Local Installation Steps

  1. Open your terminal
  2. Navigate to your downloads folder.
  3. Copy the mount-server binary you downloaded from the pre-requisites into a folder included within your $PATH so that your jupyterlab-pachyderm extension can find it:
    sudo cp mount-server /usr/local/bin
    
  4. Open your zshrc profile:
    vim ~/.zshrc
    
  5. Define an empty output folder that PFS should mount to:
    export PFS_MOUNT_DIR=/Users/<you>/Documents/pfs
    
  6. Update the source by restarting your computer or executing the following command:
    source ~/.zshrc
    
  7. Run jupyter lab.

If you have an existing pachyderm config file at ~/.pachyderm/config.json, the extension automatically connects to the active context.

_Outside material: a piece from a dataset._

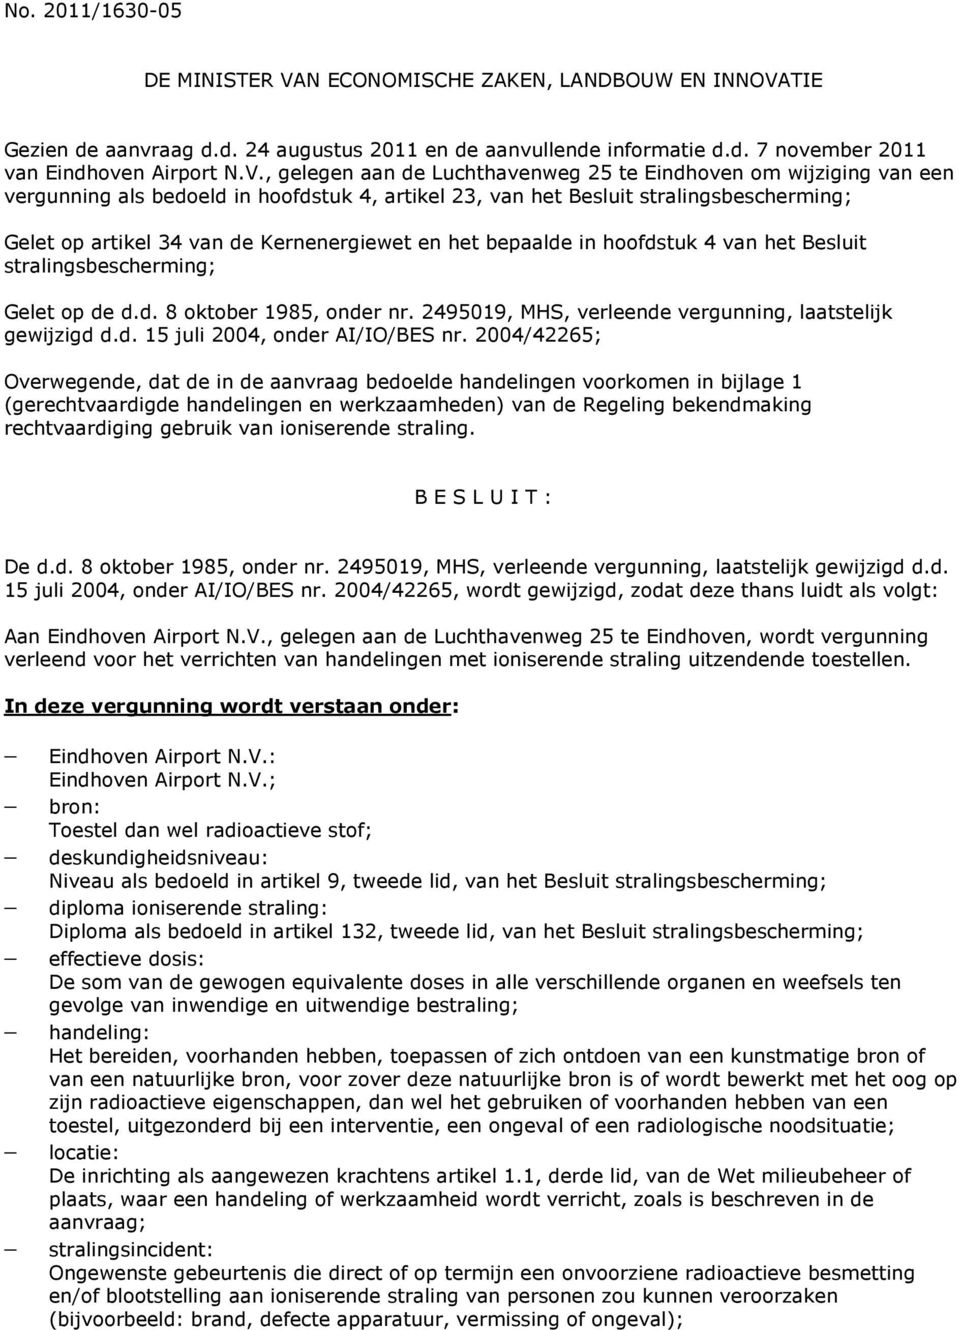 TIE Gezien de aanvraag d.d. 24 augustus 2011 en de aanvullende informatie d.d. 7 november 2011 van Eindhoven Airport N.V.
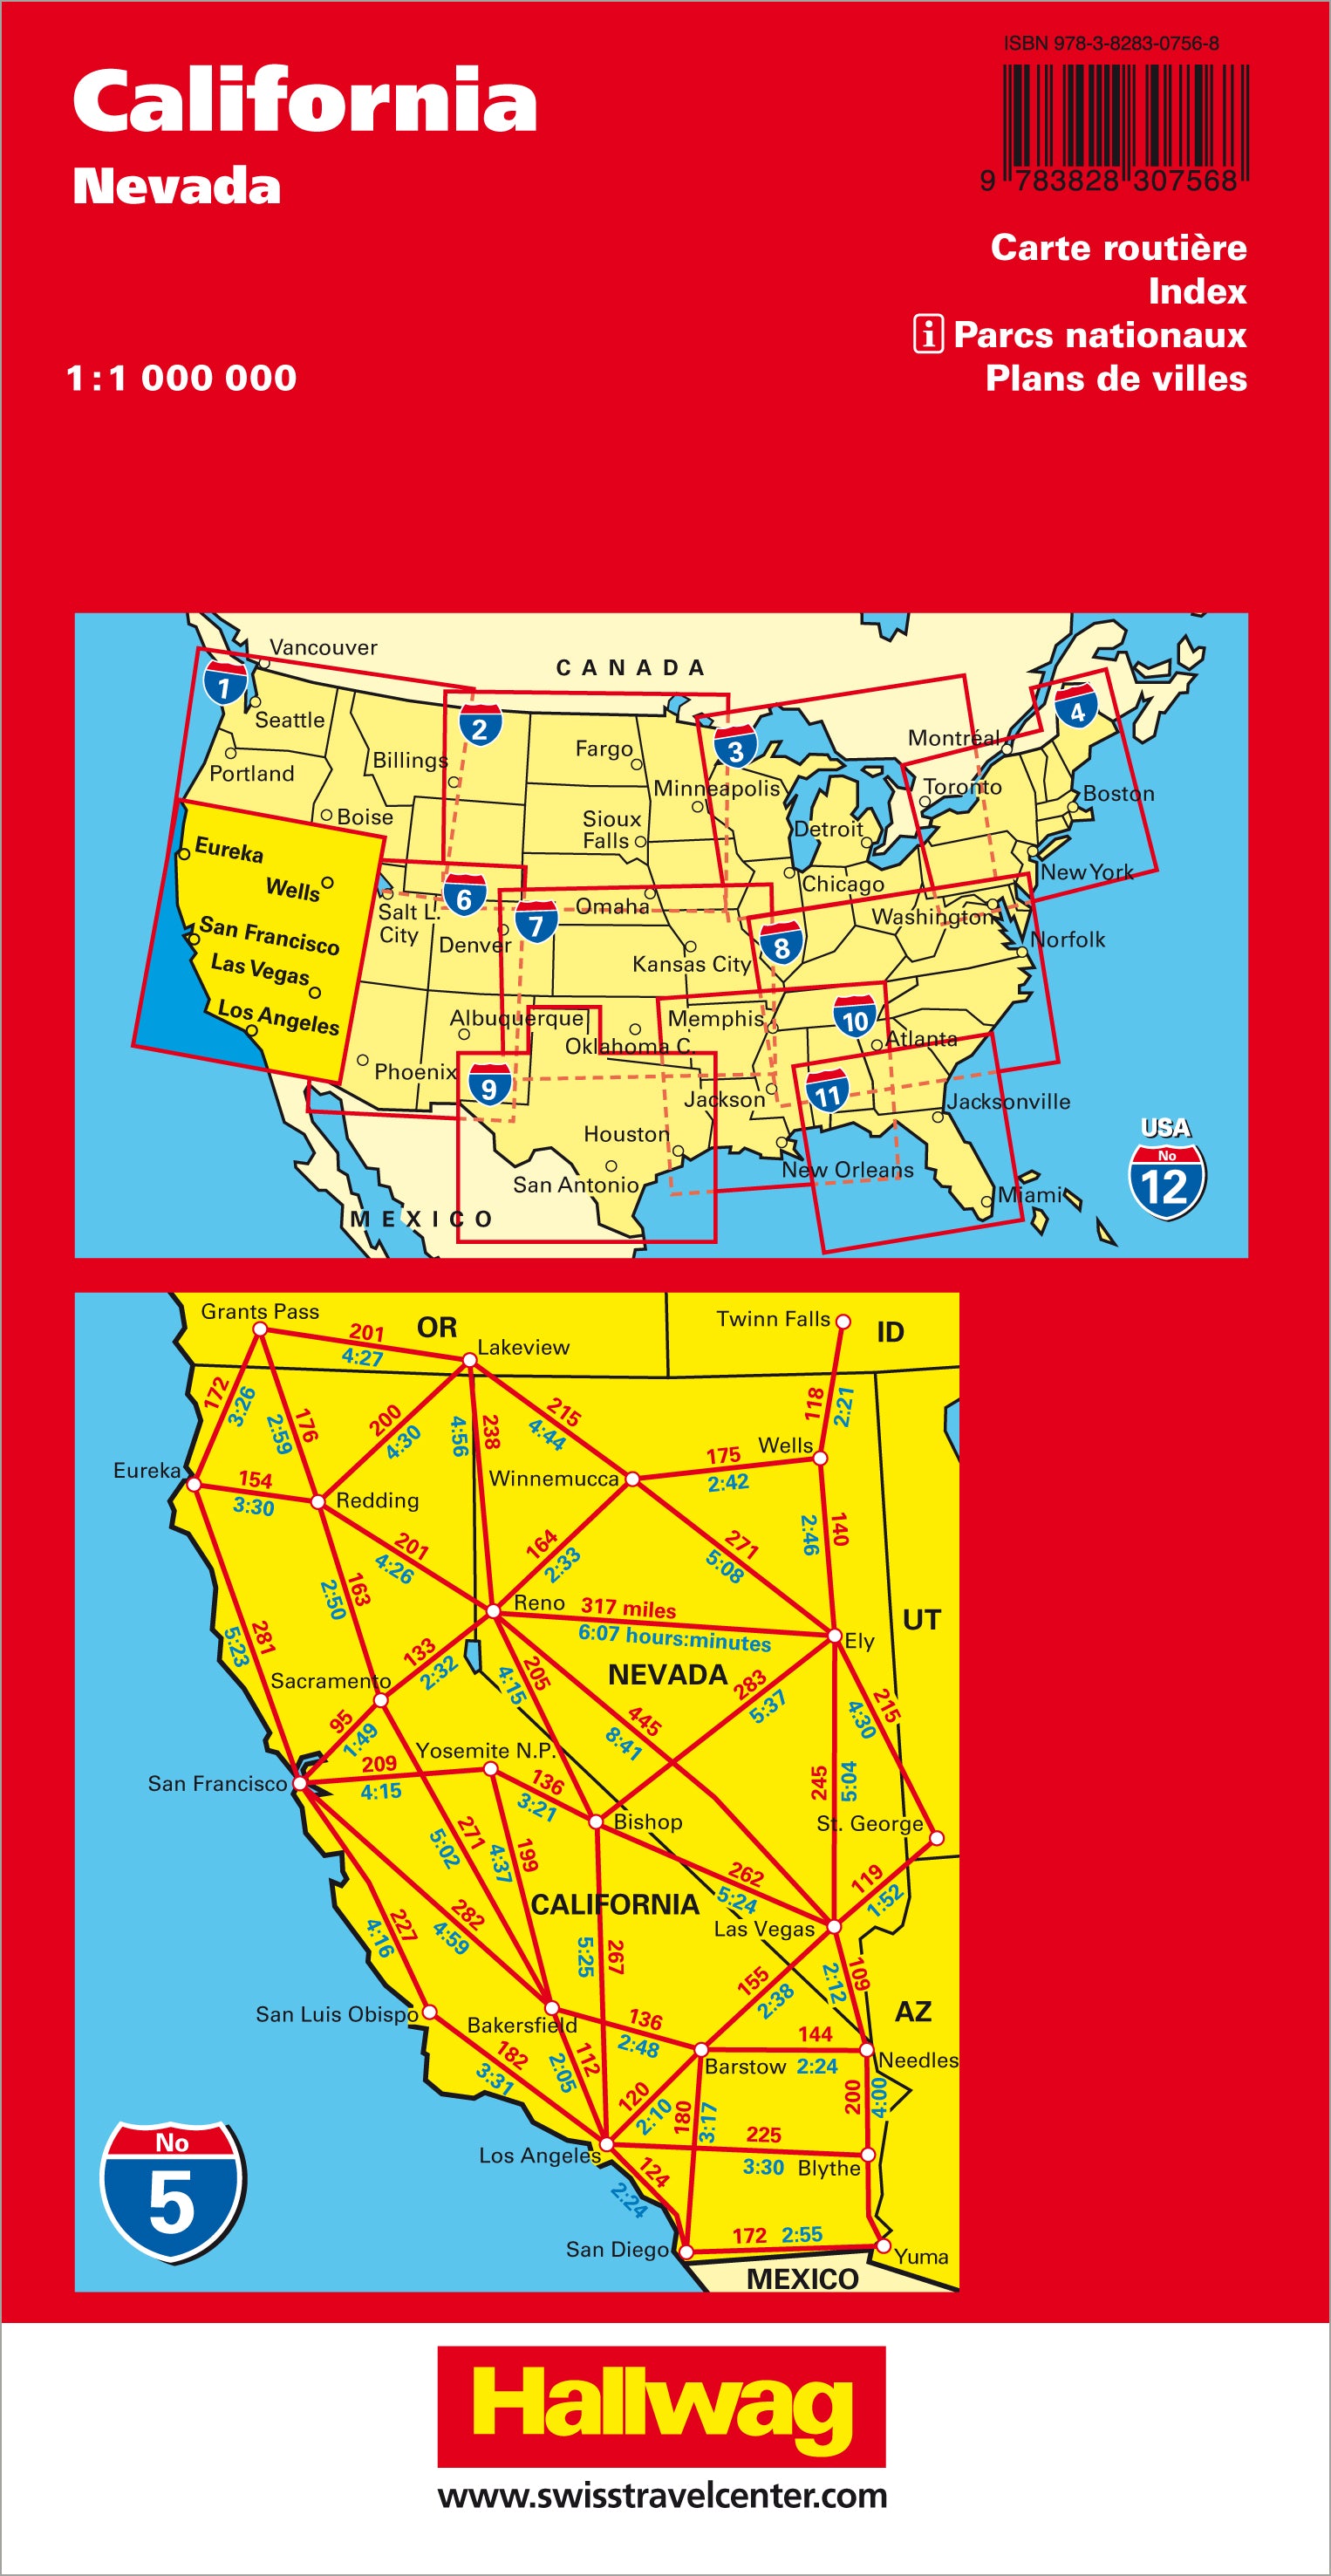 California Nevada-05 USA Road Guide 1.000.000 - Hallwag

Otherwise, you must enter the cluster address manually in the extension UI.

Install to Existing Docker Image

You can choose between Pachyderm's pre-built image (a custom version of jupyter/scipy-notebook) or add the extension to your own image. Pachyderm's image includes:

  • The extension jupyterlab-pachyderm
  • FUSE
  • A pre-created /pfs directory that mounts to and grants ownership to the JupyterLab User
  • A mount-server binary

Option 1: Pre-Built Image

  1. Open your terminal.
  2. Run the following:
    docker run -it -p 8888:8888 -e GRANT_SUDO=yes --user root --device /dev/fuse --privileged --entrypoint /opt/conda/bin/jupyter pachyderm/notebooks-user:0.6.0  lab --allow-root
    
  3. Open the UI using the link provided in the terminal following:
    Jupyter Server [...] is running at:
    
  4. Navigate to the connection tab. You will need to provide a link formatted like the following:
    grpc://<cluster-ip>:<port>
    
  5. Open another terminal and run the following to get the IP address and port number:
    kubectl get services | grep -w "pachd "
    
  6. Find the servic/pachd line item and copy the IP address and first port number.

   NAME                          TYPE           CLUSTER-IP       EXTERNAL-IP   PORT
   pachd                         ClusterIP      10.106.225.116   <none>        30650/TCP,30657/TCP,30658/TCP,30600/TCP,30656/TCP
7. Input the full connection URL (grpc://10.106.225.116:30650). 8. Navigate to the Launcher view in Jupyter and select Terminal. 9. Input the following command:
pachctl version
10. If you see a pachctl and pachd version, you are good to go.

Option 2: Custom Dockerfile

Replace the following ${PACHCTL_VERSION} with the version of pachctl that matches your cluster's, and update <version> with the release number of the extension.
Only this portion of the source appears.